We must be vigilant with our time. There’s only 1,440 minutes in a day.

1440. That’s it. As much as I try to be flawlessly diligent with my time, I’ve wasted plenty of time I’ll never get back. Once I started saying things like, I feel like there’s not enough hours in the day, I knew I wasn’t managing my time properly. I was pissing it away. I’d hate to get to the end of my life and feel like I wasted it away doing things I didn’t enjoy, being around people I didn’t like much, or doing things that weren’t productive. I’ve collectively wasted 1,440 minutes (perhaps even more than this amount of time) on the following:

Waiting on people before I decided to experience different things I wanted to do. Never considering I could just do things on my own.

Waiting on friends who were always running late and never speaking up about being irritated about their lack of respect for my time. Seriously, wasting someone else’s time is offensive.

Allowing people to put their neediness, problems, and demands on me, literally putting a drain on my time and emotions, and never speaking up about things until I was overwhelmed, angry, or grew resentful of having my time taken up. I learned to set boundaries.

On multiple occasions I’ve wasted time waiting on any guy I’ve been interested in to figure out how he felt about me, when I could've been out enjoying myself or dating other guys, instead of being strung along. Until official titles have been established, I’m free to date anyone I want. Sorry but not sorry, just being in the talking stage makes me no one’s girlfriend. And I’m on standby for no one, either.

Spending time scrolling through social media.
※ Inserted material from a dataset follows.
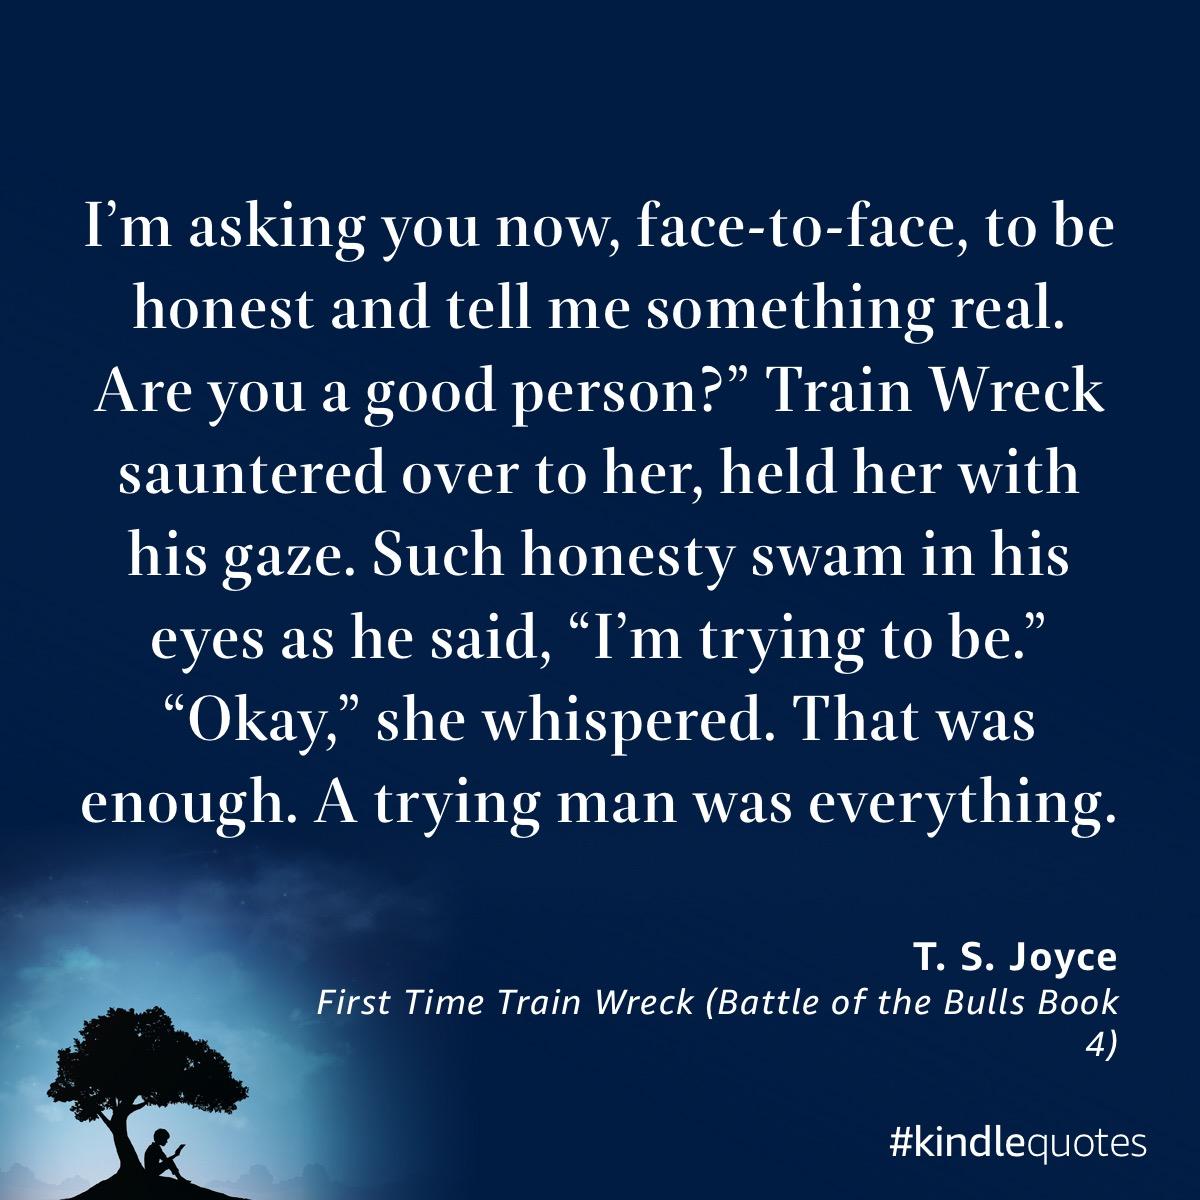 Book quote TS Joyce

I’ve pulled back more and I’m actually happier and have more free time to be focused on more important things that are priorities. Go figure.

Falling into patterns of anxiety, living in fear, worrying about what other people think, worrying about things beyond my control, and crying over stupid stuff. All that precious time, gone.

I desire to be more intentional with my time and way before I read Kevin Kruse’s book, I was heading in that direction, anyway. I have a tight morning routine, I meditate, exercise, journal, and put away all my electronics, cell phone included, by 9pm (except on Fridays and Saturdays) so I can unwind and decompress for the day. None of this happened overnight. Some days, it’s tough but having balance and discipline with what I’m spending my time on, who I’m spending it with, and what I’m spending it on, is important to me. Especially with the number 1440 forever embedded in my mind. I’m going to be more intentional than ever. My time is valuable and so is yours. How you spend it is up to you.

What will you do with the time you have left?